Mineralization of detritus and oxidation of methane in acid boreal coniferous forest soils: seasonal and vertical distribution and effects of clear-cut

Rates of soil carbon mineralization and CH4 oxidation potential were measured in the different layers of the podsolized soils (20 cm topsoil) of managed boreal and Pinus sylvestris (age 38 years) and Picea abies (stand age 120 years) forests for eight seasons during the years 1997–1999. Endogenous CO2 evolution was highest in October both in the P. sylvestris (1800–2200 mg CO2–C m−2 d−1) and in the P. abies (2900–3000 mg CO2–C m−2 d−1) forest soils and located mainly in the humus layer, when measured at 7 °C, i.e. close to the annual average soil temperature.
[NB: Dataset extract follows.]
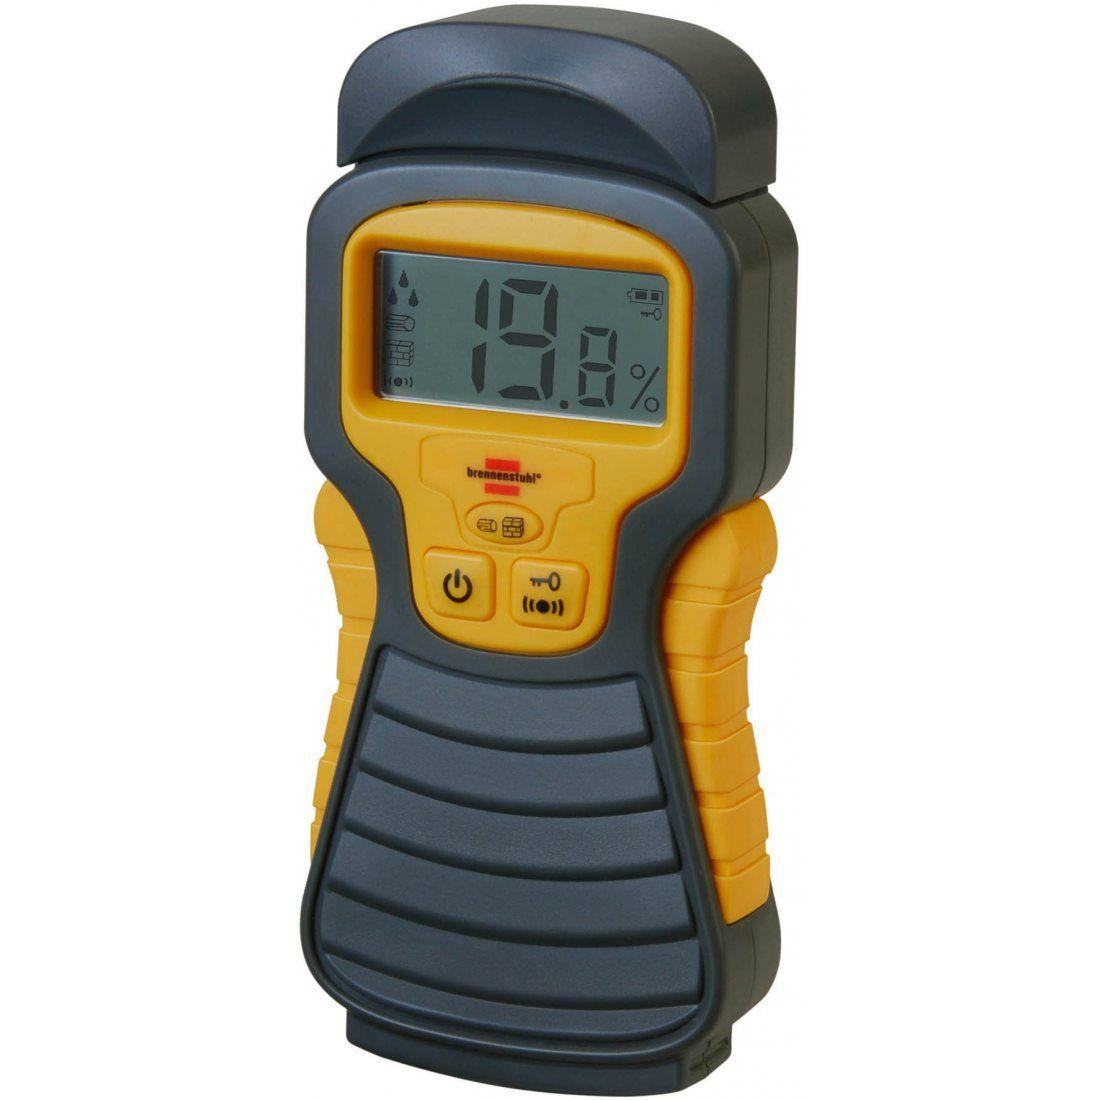 Brennenstuhl Détecteur d'humidité pour divers matériaux, humidimètre avec affichage digital LCD & signal sonore, anthracite &

The turnover rates of organic carbon were similar in the lower part of the illuvial layer and in the humus, annual mean of 0.027–0.028% C d−1 in the P. sylvestris and P. abies forests, indicating the presence of easily available sources of carbon deeper in the soil. The cumulative annual CO2 evolution at in situ temperature was calculated as 430–440 g CO2–C m−2 in the P. sylvestris and 630–650 g CO2–C m−2 in the P. abies forest soil. Nineteen to twenty-three percent of this occurred during the cold half of the year. When the P. abies forest was clear-cut in 1998 the mineralizing activities of the eluvial and illuvial layers translocated into the humus layer, but the cumulative total CO2 evolution per m2 remained unchanged. Clear-cutting increased soil temperature dependence on the air temperature. The sources of the annual CO2 evolution were above-ground litter (18–26%), and roots (25%) related to the direct photosynthetic activity of the trees in the eluvial and illuvial layers. CH4 oxidation potential (at 200 ppm CH4) of the podsolized conifer forest soils ranged from 12 to 22 mg CH4–C m−2 d−1 (annual mean) in the P. sylvestris and the P. abies forests. The activity mainly located (50–90%) in the illuvial horizons in all seasons. In the upper, 2–3 cm zone, of the illuvial layer, immediately below the eluvial layer, methane oxidation potential was found 5–10 fold higher than in adjacent soil above or below. CH4 oxidation potential of (g of soil organic carbon) in the forest soils increased 100 fold (P. abies) or 5–50 fold (P. sylvestris) with increasing depth. Ten to twenty-four percent of the annual CH4 oxidation potential at in situ soil temperature was contributed by the cold half of the year similarly in both forests. Clear-cutting the P. abies stand decreased the potential for CH4 oxidation at in situ temperature by 40% (to 1.8 g CH4–C m−2 year−1).